The quality of microarray images is typically assessed by a trained microbiologist in the laboratory after image scanning. In this study, the noise-level parameters used for the different factor levels correspond to the kinds of noise distributions seen in practice. As noted in the original simulation paper,9 the exact parameters will vary, depending on the technology, and the ones used in this paper correspond to general conditions observed over many years of application since the development of Dearray in 1997.6 Although metrics have been proposed to quantify microarray quality,7 there is no direct way to determine the effect of each noise level on the metrics. This is mostly attributed to the multivariate influence of the various degradations on the estimated signal.

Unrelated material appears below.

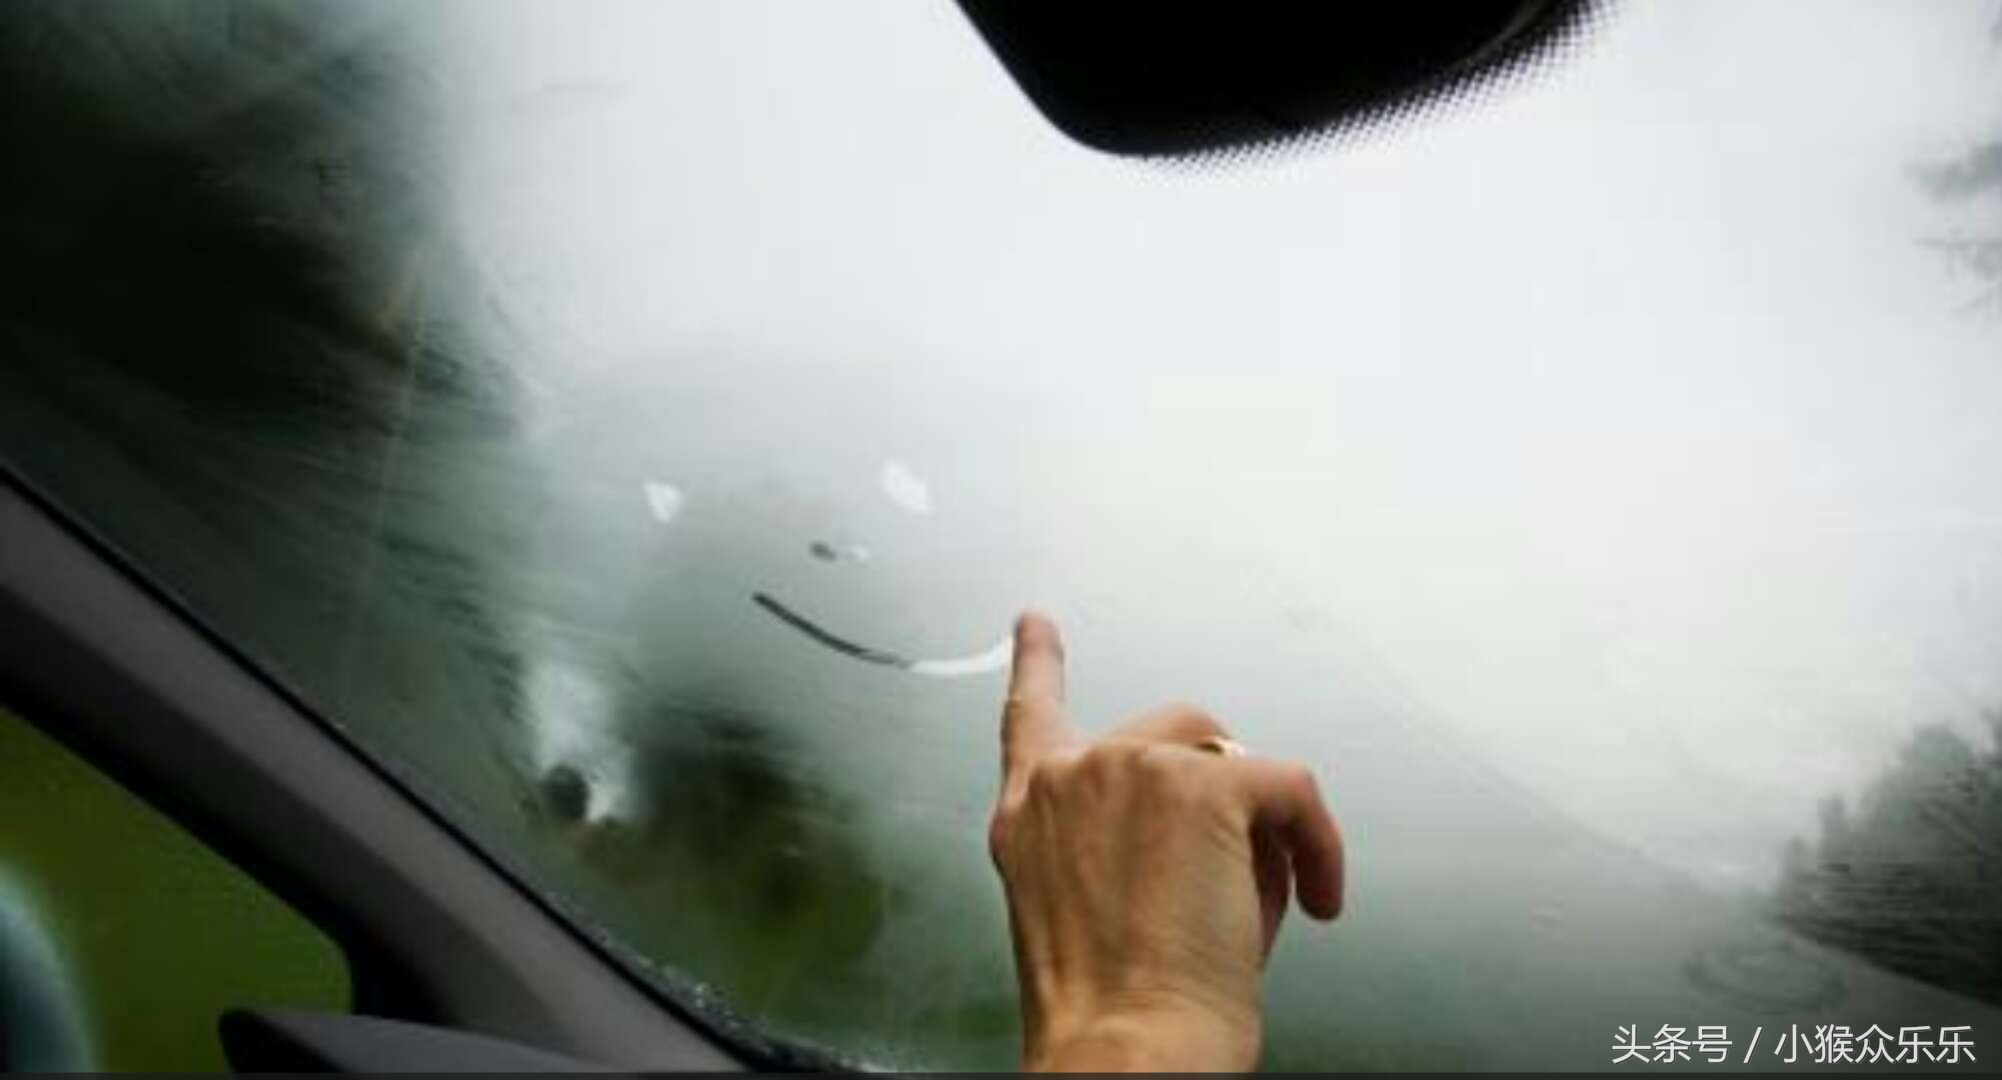 秋冬季节,车窗常起雾,还在傻傻用手擦?这几个妙招老司机都知道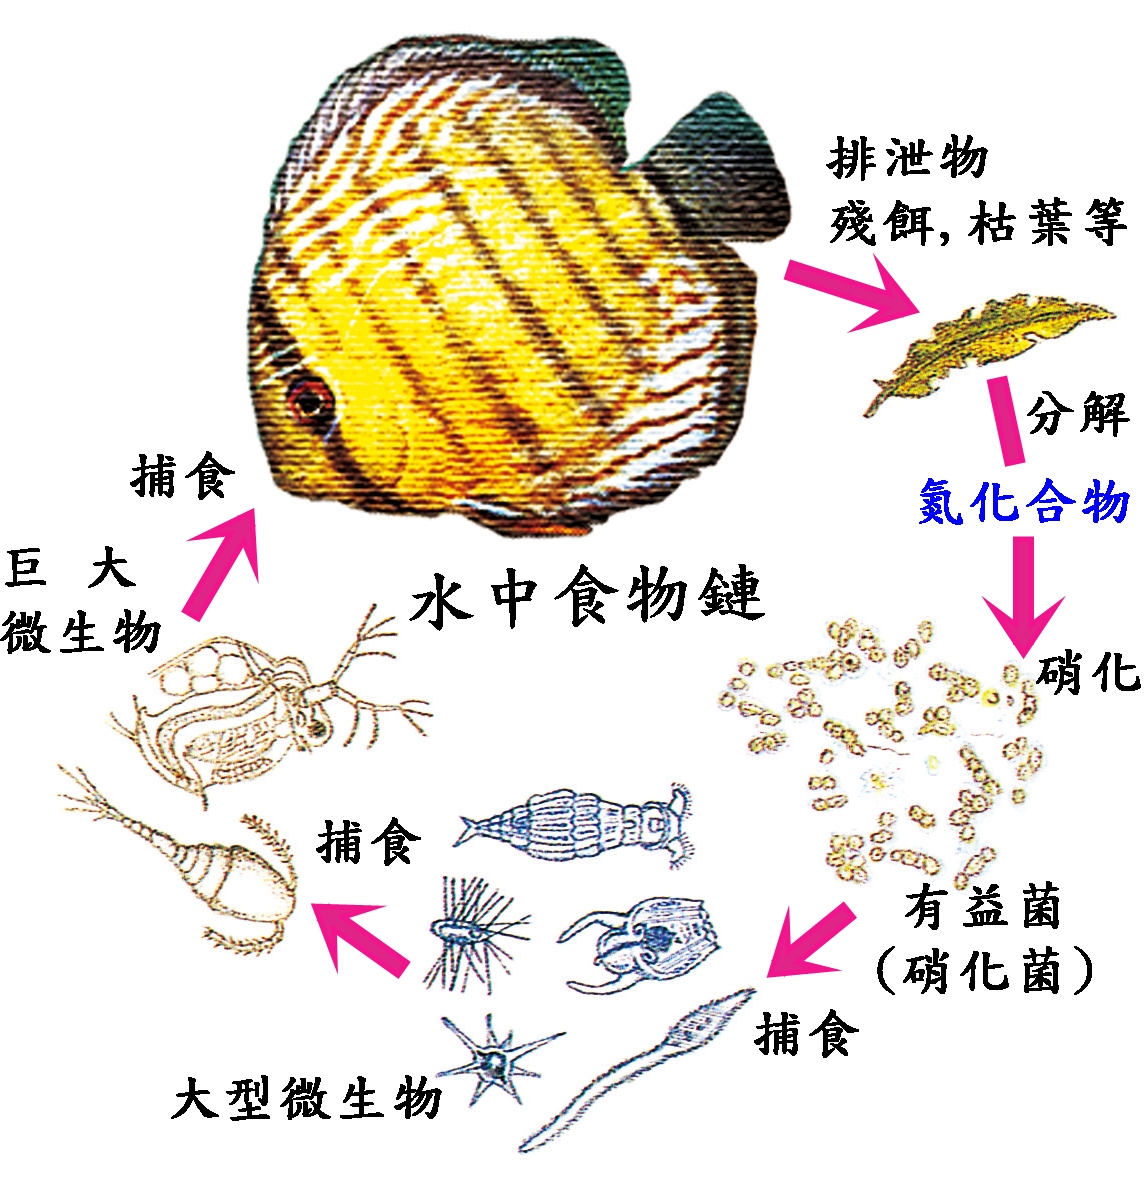 长江禁渔长达10年,会不会发生鱼类泛滥,导致水生态崩塌?

While it is no doubt true that individual statistical results obtained in this paper may not apply for different noise distributions, the general methodology will apply, and we believe that the conclusions drawn here are indicative of what one might expect with similar technology (for specific issues regarding parameters, refer to the original paper).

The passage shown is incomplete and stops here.